Der ganze Ort schien wie aus einem klebrigen Material gemacht und selbst als er jetzt hier einstieg, durch das nach Osten gewandte Fenster, hatte er das Gefühl darin versinken zu müssen, als ob er sich knietief watend durch einen Sumpf den Weg bahnen wollte. Er hatte seine Mütze tief ins Gesicht gezogen und ein Rucksack ruhte auf seinem Rücken, die Kleidung war dunkel gehalten, aber nicht schwarz, denn er hatte einmal gehört das schwarz eine furchtbare Tarnfarbe abgab. Und man sah der ungelenken Bewegung mit der er sich durch das offene Fenster schwang an, dass er ein Berufseinsteiger, aber kein Berufs-Einsteiger war: Die Knie knirschten protestierend ob der ungewohnten Belastung und die Muskeln zogen sich ächzend zusammen und streckten sich nicht minder unbegeistert, als er seinen nur mäßig trainierten Stadtkörper durch den provisorischen Eingang schob.

Aber dann war er drinnen, angekommen. Er atmete tief durch, lauschte dem pochenden Herzen bis es langsam stotternd zur Ruhe kam und sah sich dann in den trostlosen Gängen um: Der Geruch längst vergangenen Kaffees und schwarzer Druckertinte hing in der Luft und war der einzige Beweis dafür, dass diese Gänge sonst mit Leben erfüllt waren. Gut. Er lächelte fast, zog eine kleine Taschenlampe aus dem Rucksack und schaltete sie ein. Nur die Feuermelder überwachten sein Tun und blinkten alle paar Sekunden im Gleichklang rot auf, störten sich nicht an dem Eindringling. Bedacht, aber nicht schleichend, setzte er nun einen Fuß vor den anderen und rief sich die Gänge wieder ins Gedächtnis, die er schon tausend Mal gegangen war. Es war fast, wie ins eigene Haus einbrechen, dachte er und bog einmal zur linken ab. Dennoch – die Gänge schienen in ihrer Verlassenheit beunruhigend unwirklich. Nur rasch fertig werden, dann würde er verschwinden. Er bog erst um eine Ecke, dann um noch eine und sein nervös klopfendes Herz übertönte fast den Klang der eigenen Schritte. War da ein Schatten? Konnte man den Schein der Taschenlampe von der Straße aus sehen? Fremde Schritte? Sicherheitsleute? Der Hausmeister der mit seinen Schlüsseln klimperte, nicht wissend das er nicht der Einzige in dem scheinbar verlassenen Gebäude war?

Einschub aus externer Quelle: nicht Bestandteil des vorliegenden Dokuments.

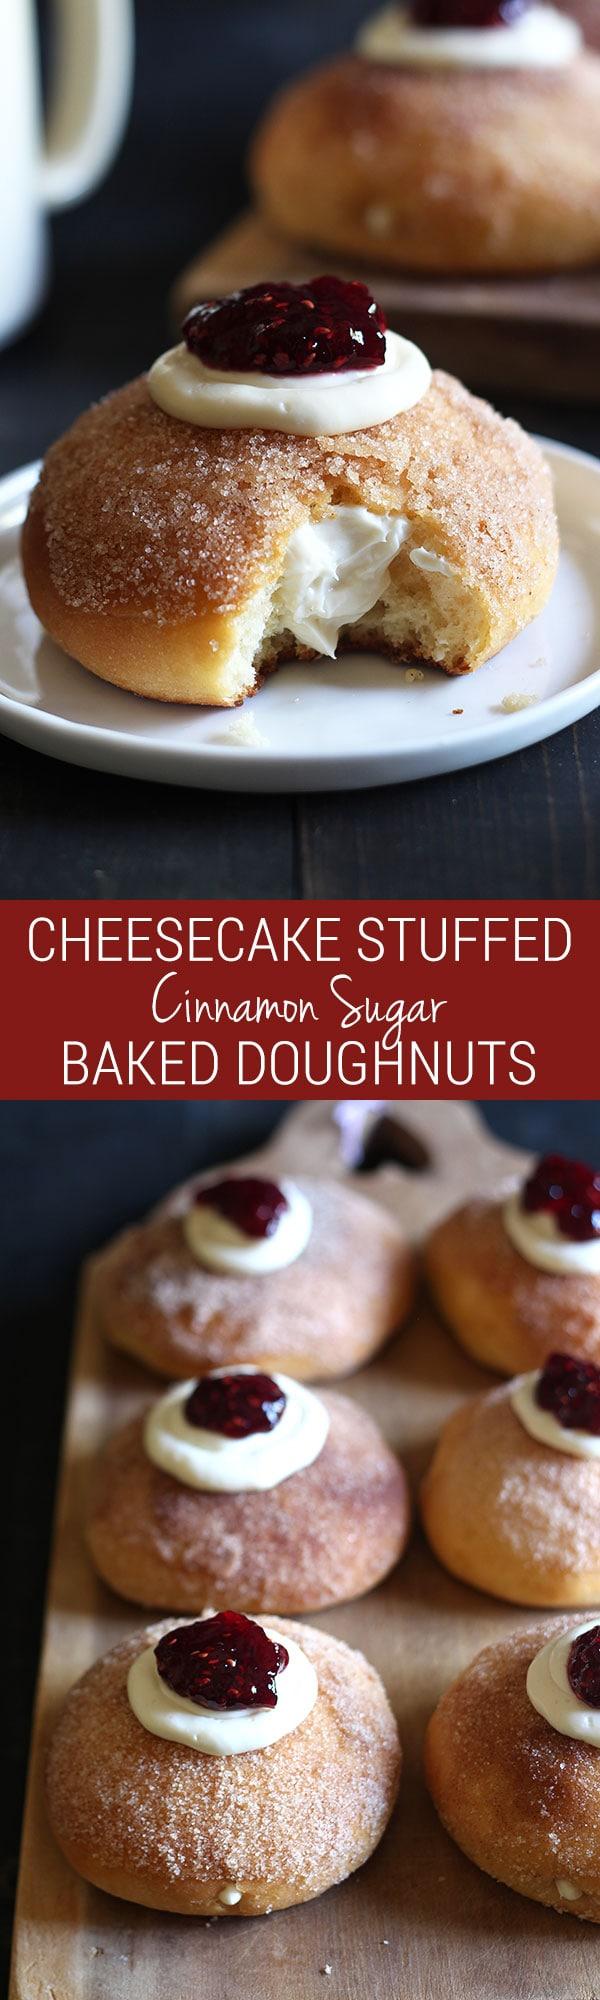 ... doughnut coated in cinnamon sugar, stuffed with sweetened cream cheese

Unser Dieb hielt neben einer Tür inne, der zitternde Kegel seiner Taschenlampe verriet die Nervosität der er anheimgefallen war. Die freie Hand schlich sich zur Klinke, legte sich darauf, dann folgte die zweite, klemmte die Taschenlampe zwischen beiden Händen ein. Ganz vorsichtig jetzt. Nur keinen Lärm machen. Die Klinke glitt hinunter und mit einem befreienden Stoß öffnete er die Tür. Ein Quietschen selbiger, er zuckte zusammen. Egal! Egal! Rasch jetzt.
Er schob sich in den Raum hinein und sofort fanden seine Auge den Schrank, den er gesucht hatte. Waren das Schritte auf dem Gang oder rüttelte es in dem Schrank selber? Mit zwei langen Schritten hatte er den Raum durchquert und beugte sich herunter, in der Hosentasche fand er den passenden Schlüssel und keinen Herzschlag später öffneten sich die Türen.

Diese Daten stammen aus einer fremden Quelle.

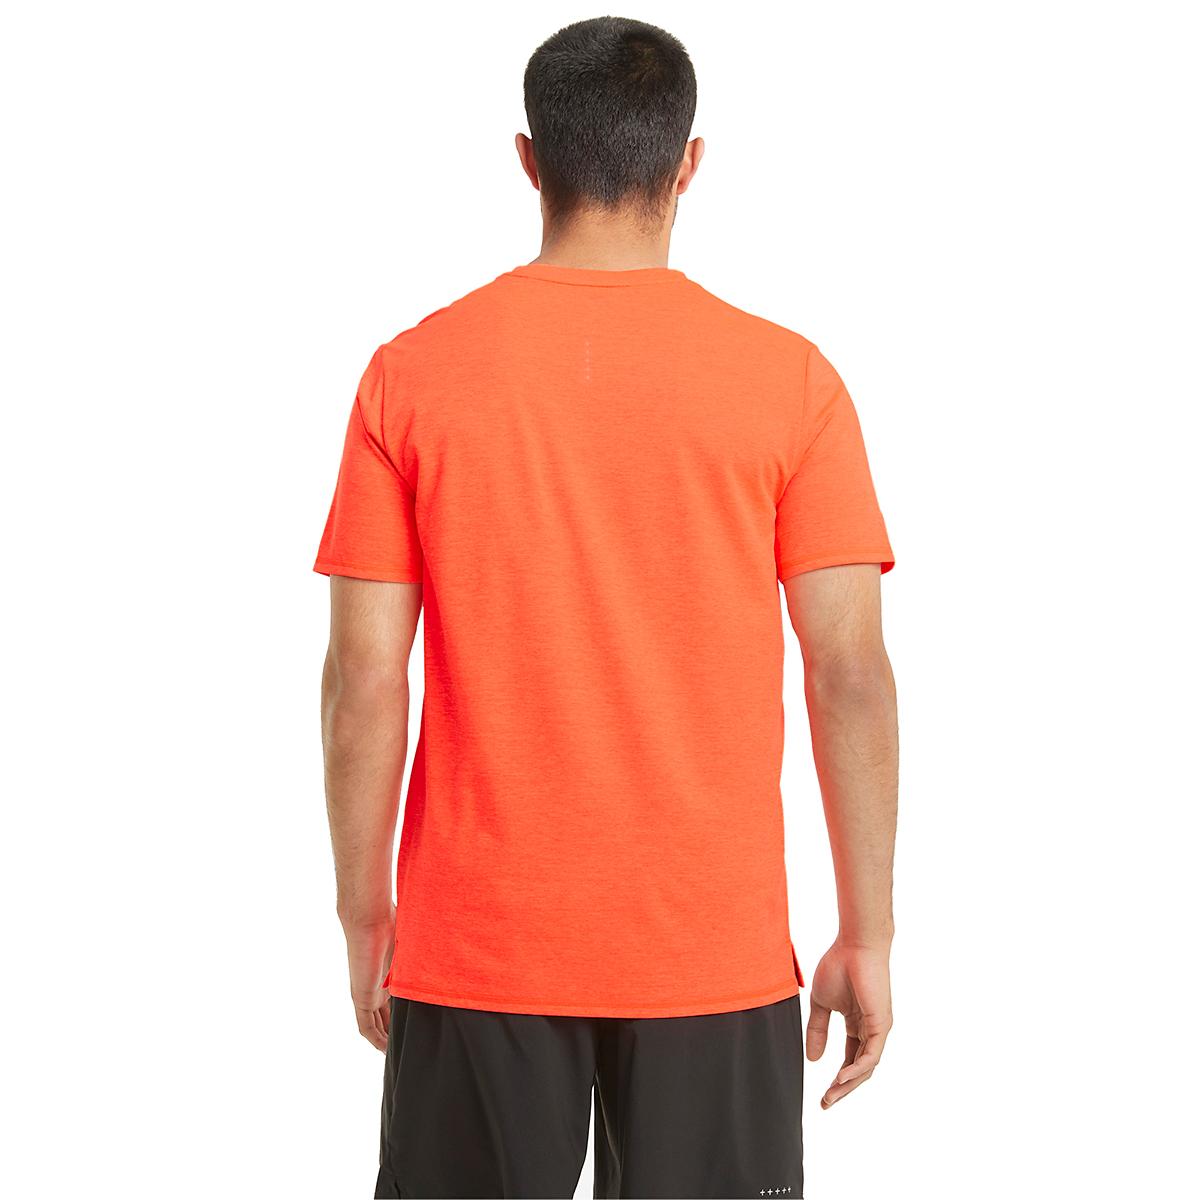 Men's Puma Favorite Heather Short Sleeve Running Tee - Color: Lava Blast - Size: S, Lava Blast, large, image 2

Jetzt konnte er tatsächlich Schritte hören, kein Zweifel mehr – er musste sich beeilen. Und da breiteten sie sich auch schon vor ihm aus in ihrer individuellen Pracht: Kleine, große, dicke, dünne. Einer mit einem Schnauzbart und sogar einer mit Melone auf dem Kopf. Soviel Lebenszeit, die in den Mühlen menschlicher Bürokratie gefangen wurde! Aber jetzt nicht mehr. Er öffnete den Rucksack und noch bevor die Schritte ihm wirklich nahe kamen, waren sie alle in den Rucksack gesprungen und er hatte seine ganz persönliche Lebenszeit in den Arm genommen. Mit Käppchen und einem verschmitztem Grinsen, das prompt auf seine Lippen zurück kehrte.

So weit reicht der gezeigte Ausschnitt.